Spectral Action for Bianchi Type-IX Cosmological Models

TL;DR

This paper extends a rationality result for spectral actions from Robertson-Walker metrics to Bianchi type-IX cosmological models, using heat kernel methods and noncommutative residue techniques to express coefficients in terms of rational polynomials.

Contribution

It introduces a new efficient method for computing Seeley-de Witt coefficients using Wodzicki's residue, applicable to anisotropic cosmological models like Bianchi type-IX.

Findings

Seeley-de Witt coefficients are rational polynomials in cosmic evolution factors.

The new method confirms rationality of spectral action coefficients.

Efficient computation technique leverages symmetries of the Bianchi type-IX metric.

Abstract

A rationality result previously proved for Robertson-Walker metrics is extended to a homogeneous anisotropic cosmological model, namely the Bianchi type-IX minisuperspace.
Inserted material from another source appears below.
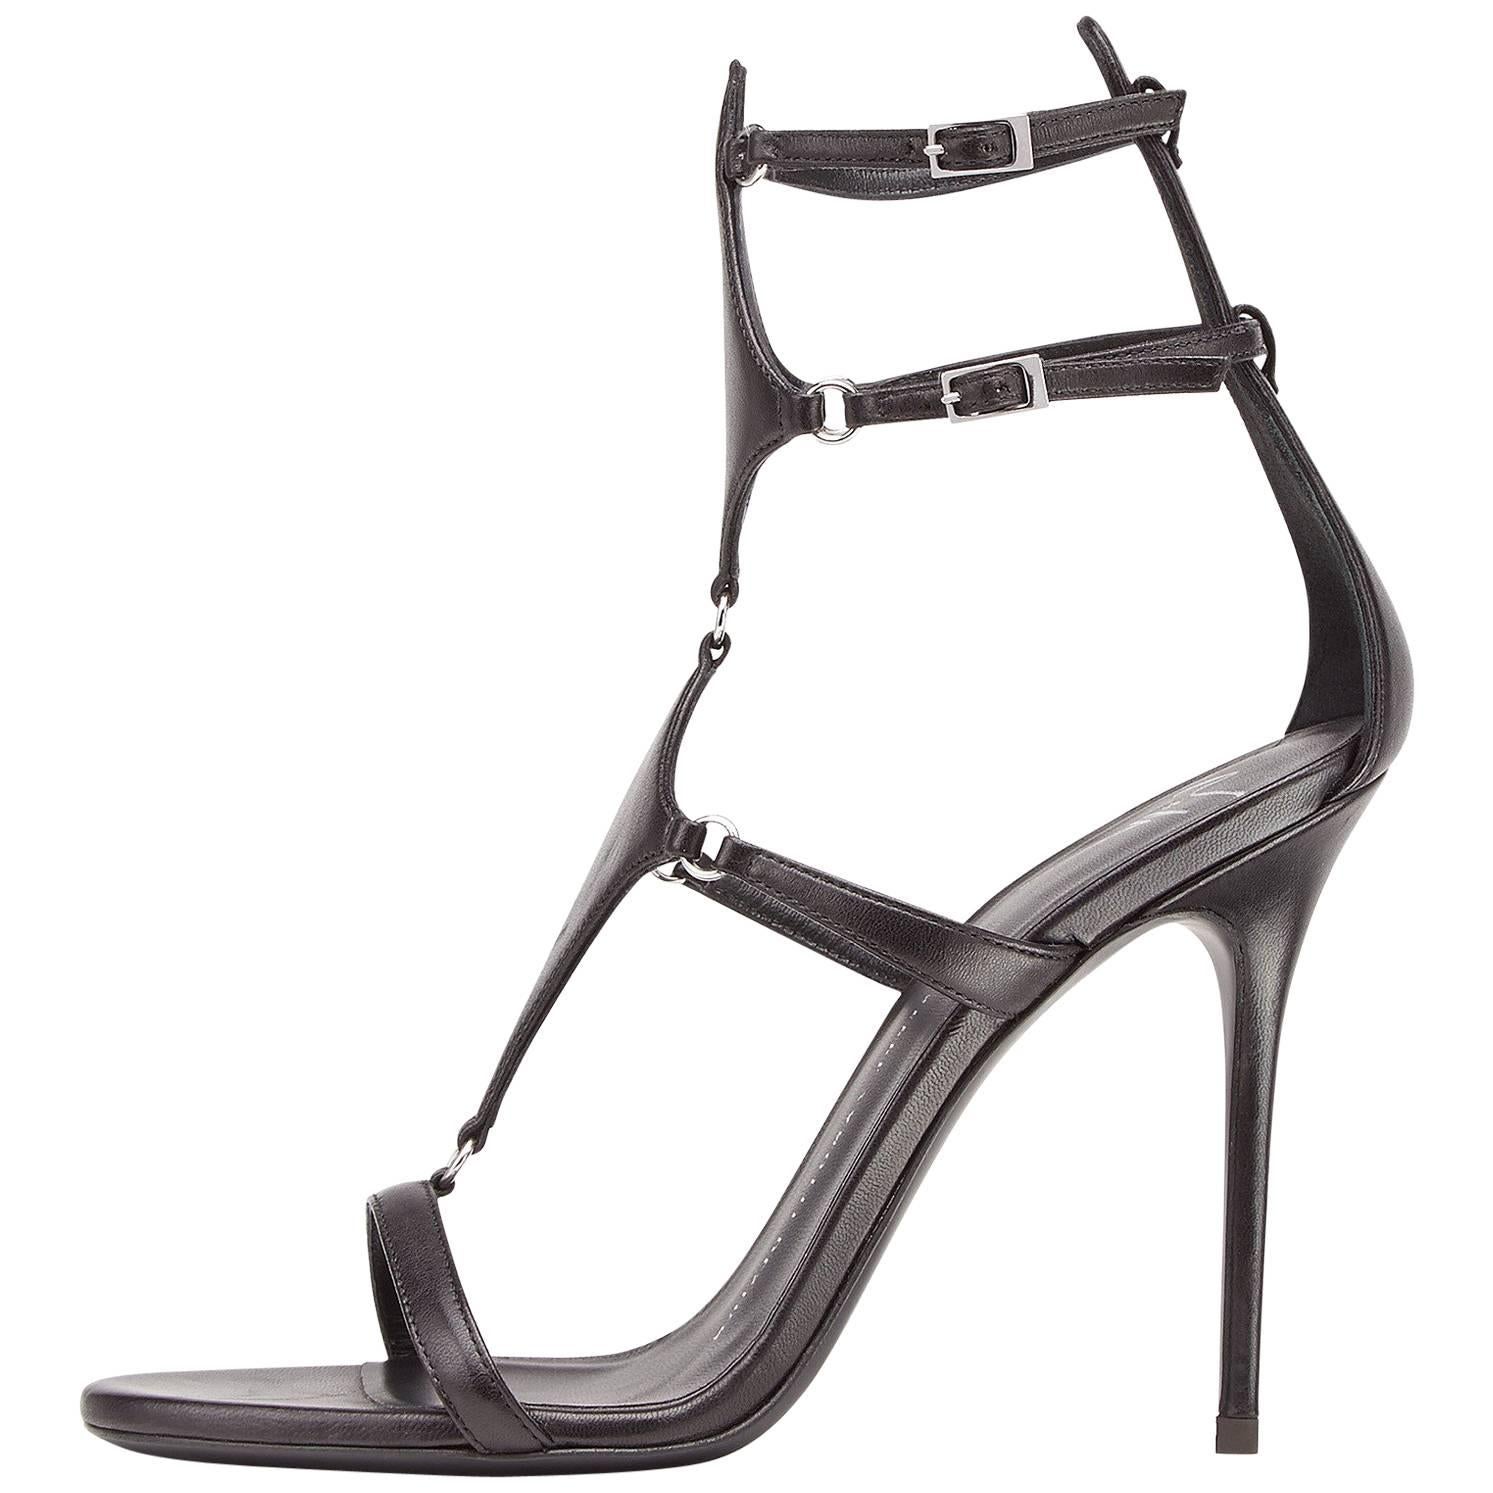 Giuseppe Zanotti New Black Leather Cut Out Strappy Evening Sandals Heels in Box

It is shown that the Seeley-de Witt coefficients appearing in the expansion of the spectral action for the Bianchi type-IX geometry are expressed in terms of polynomials with rational coefficients in the cosmic evolution factors $w_1(t), w_2(t), w_3(t),$ and their higher derivates with respect to time. We begin with the computation of the Dirac operator of this geometry and calculate the coefficients $a_0, a_2, a_4$ of the spectral action by using heat kernel methods and parametric pseudodifferential calculus. An efficient method is devised for computing the Seeley-de Witt coefficients of a geometry by making use of Wodzicki's noncommutative residue, and it is confirmed that the method checks out for the cosmological model studied in this article. The advantages of the new method are discussed, which combined with symmetries of the Bianchi type-IX metric, yield an elegant proof of the rationality result.